PHP RFC: base_convert changes
- Version: 0.1
- Date: 2019-05-15
- Author: Scott Dutton,php@exussum.co.uk
- Status: Implemented (in PHP 7.4)
- First Published at: https://wiki.php.net/rfc/base_convert_improvements
Introduction
The base_convert family of functions(base_convert, binhex, hexbin etc) are very accepting with their input arguments, you can pass any string to to them and they give a best effort of converting it.
For example base_convert(“hello world”, 16, 10); will return 237 with no warnings. What this does internally is base_convert(“ed”, 16, 10);
Also negative numbers simply do not work, eg base_convert(“-ff”, 16, 10); will return 255. (similar to above the “-” gets silently ignored).
Experienced developers get caught out by this for example https://gist.github.com/iansltx/4820b02ab276c3306314daaa41573445#file-getlines-php-L9
In this case literal binary data was the input and the result was 0 (which is expected but not clear)
Other functions affected by this are:
- decbin() - Decimal to binary
- bindec() - Binary to decimal
- decoct() - Decimal to octal
- octdec() - Octal to decimal
- dechex() - Decimal to hexadecimal
- hexdec() - Hexadecimal to decimal
Other programming languages behave in a a similar way to this proposal * Javascript - https://jsfiddle.net/c16b4usp/ * Python - https://repl.it/repls/OliveBlushingModem * Go - https://play.golang.org/p/aLWg15c00Fy
Javascript does work with larger numbers correctly, Python and Go work in a way which would be similar to PHP if this change was made.
Proposal
I propose two changes to the base_convert family of functions.

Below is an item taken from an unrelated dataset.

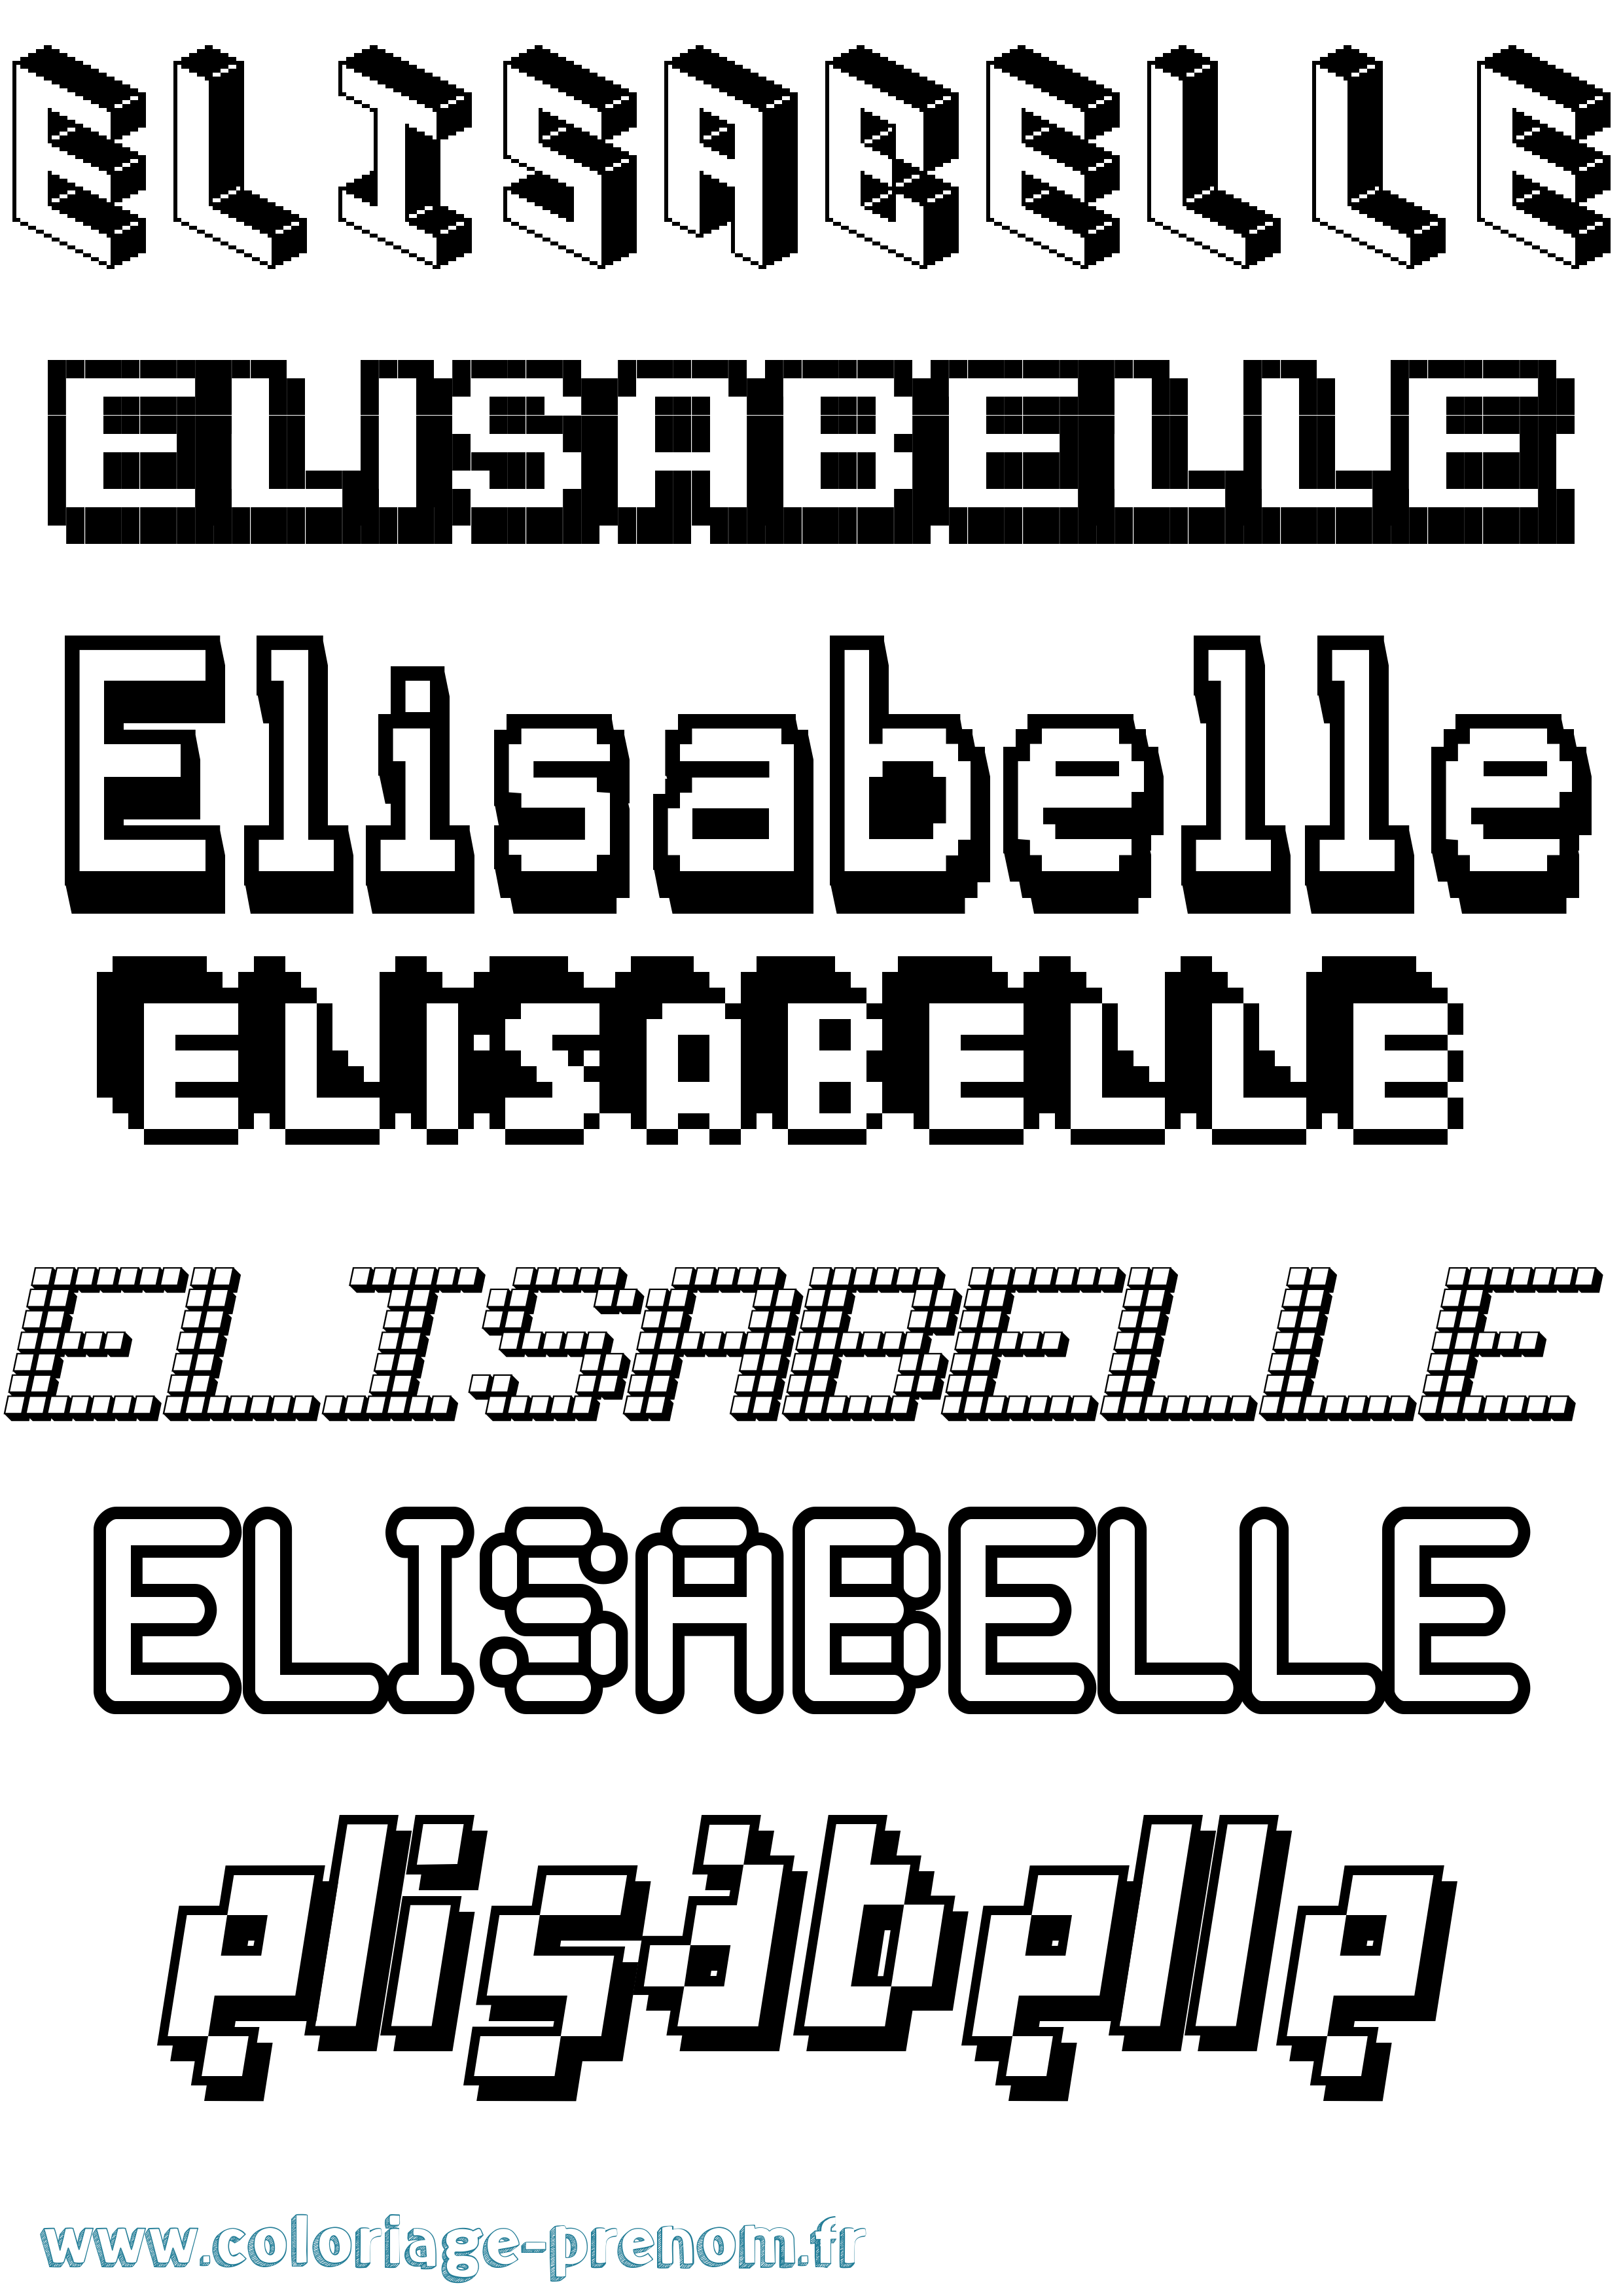 Coloriage prénom Elisabelle Pixel

Error on ignored characters
When passed arguments that base_convert will ignore, also give a warning to the user informing them their input was incorrect. There is an exception in place for the second char, if base is 16 'x' is allowed eg “0xff”, base 2 allows b and base 8 allows o. this fits in with common formats for these numbers
This can be raised to a full exception for a later PHP version (eg PHP 8)
Allow negative arguments
Negative numbers should be allowed to be passed to the base_convert family of functions. for example base_convert('-ff', 16', 10); should return -255. Currently users need to make an exception in this case
Backward Incompatible Changes
Error on ignored characters
No BC breaks for a warning, in the case of an exception there will be a BC break - Would suggest PHP 8 for this.
Allow negative arguments
base_convert currently in the backend has a zend_ulong as its representation. We would need a zend_long. This will change the behavior of numbers in the range 9223372036854775807 - 18446744073709551615 but will allow negative numbers.
This currently breaks a fair amount of unit tests that I will need to update if this change is accepted. The unit tests are around extreme values.
A secondary BC change would be people who have worked around this in userland code for example
https://stackoverflow.com/a/7051224/1281385
This change will break these work arounds
Would suggest PHP8 for this change
Proposed PHP Version(s)
PHP 7.4 for warnings PHP 8.0 for negative arguments and exceptions
RFC Impact
To SAPIs
None
To Existing Extensions
None
To Opcache
None
New Constants
None
php.ini Defaults
Open Issues
Make sure there are no open issues when the vote starts!
Unaffected PHP Functionality
Only the base_convert family of functions will be changed
Future Scope
Allow base_convert to allow any length input and not be restricted to a 64 bit int type
Proposed Voting Choices
2 votes
Error on ignored characters
This vote will be to raise a E_DEPRECATED warning for PHP 7.4. Raising to be an InvalidArgumentException in PHP 8
Allow negative arguments
This vote will allow negative arguments in PHP 8
Patches and Tests
Vote
Started 19th June 2019. Ends 3rd July 2019
References
Rejected Features
Keep this updated with features that were discussed on the mail lists.